You will use a provided Terraform module to perform the following:

  • Bootstrap a project in your organization
  • Create a Terraform service account and Terraform state bucket in the project for further Terraform scripts

From your workstation:

export PROJECT_ID=<your-project-id>
export DOMAIN_NAME=<your-org-domain>
export REGION=<your-region>
export ZONE=<your-zone>
export PROJECT_NUMBER=$(gcloud projects describe ${PROJECT_ID} --format="value(projectNumber)")
export BILLING_ACCOUNT="$(gcloud beta billing projects describe ${PROJECT_ID} | grep billingAccountName \
    | tr / ' ' | cut -f3 -d' ')"

export CLP_VERSION=<clp_tag>
export DEMO_VERSION=<v2.0.0-beta12.7-demo>
git clone https://github.com/GPS-Solutions/cloud-learning-platform.git
cd cloud-learning-platform
git checkout $CLP_VERSION
cd terraform/stages/project_bootstrap/

Log in to your project:

gcloud auth login

You will need to also create ADC credentials pointed towards an org admin account for use by the Terraform client.

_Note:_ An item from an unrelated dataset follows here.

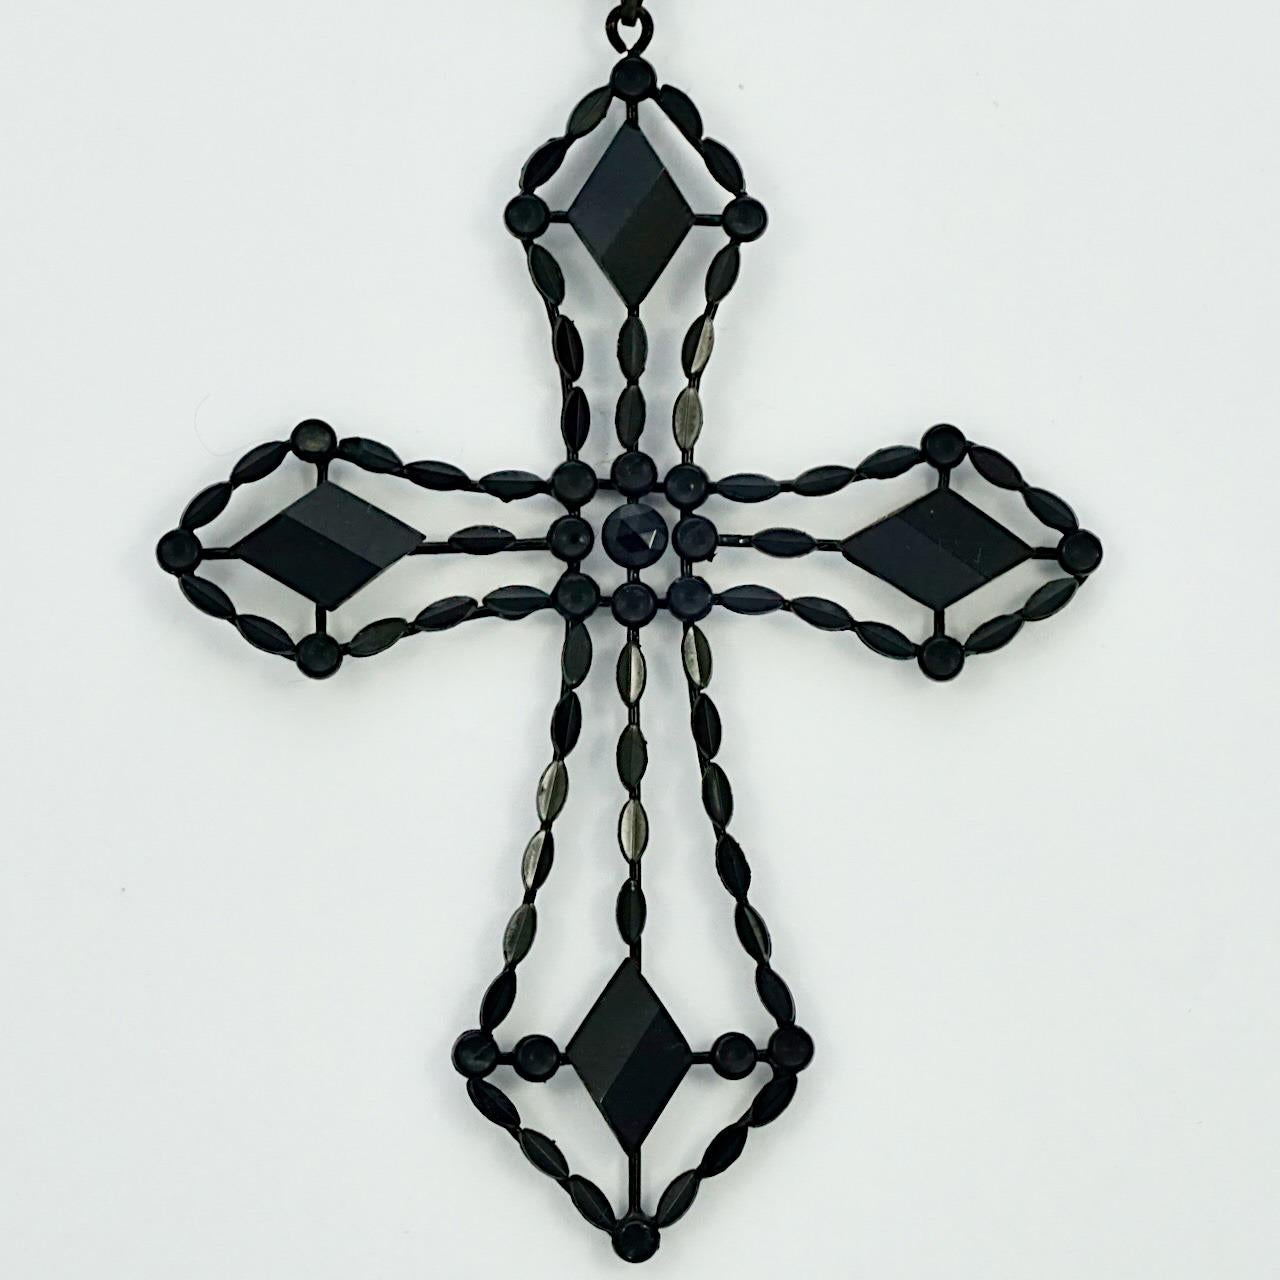 Pendentif croix Art Déco en jais français, avec une chaîne de perles de verre noires. Ce magnifique pendentif comporte des pièces de jais français facettées. Chaque pièce est dans une monture émaillée noire et appliquée sur un fil émaillé. Longueur

gcloud auth application-default login

And verify if they've taken:

cat ~/.config/gcloud/application_default_credentials.json

Set gcloud to point to your project (if not already)

gcloud config list
gcloud config set project ${PROJECT_ID}

Run the following to set Terraform variables:

# Pass variables to terraform using environment prefix TF_VAR_
export TF_VAR_project_id=${PROJECT_ID}
export TF_VAR_billing_account=${BILLING_ACCOUNT}
export TF_VAR_region=${REGION}
export TF_VAR_zone=${ZONE}
export TF_VAR_bucket_region_or_multiregion="US"
export TF_VAR_org_domain_name=${DOMAIN_NAME}
export TF_VAR_add_project_owner=true

Now that you're logged in, initialize and run a terraform apply command to see the expected changes. Inspect the changes before typing yes when prompted.

terraform init
terraform apply

Ensure that a bucket with the same name as the project has been created:

gsutil ls -p $PROJECT_ID

There should also be a jump host VM in the project:

gcloud compute instances list

Summary

In this section you successfully created the following:

  • A bucket to capture future terraform state and prepare for CI/CD
  • A Terraform service account with the required permissions
  • A jump host to perform the rest of the installation

3. Main Infrastructure Installation - GKE Cluster

Copy bootstrap terraform state to tfstate-bucket

gsutil cp ../project_bootstrap/terraform.tfstate gs://"${PROJECT_ID}"-tfstate/env/bootstrap/terraform.tfstate

Enable deletion protection for the jump host

gcloud compute instances update jump-host --deletion-protection --project="${PROJECT_ID}"

SCP startup script to jump host

gcloud compute scp ../scripts/bastion_startup.sh jump-host:~ --zone=${ZONE} --tunnel-through-iap --project="${PROJECT_ID}"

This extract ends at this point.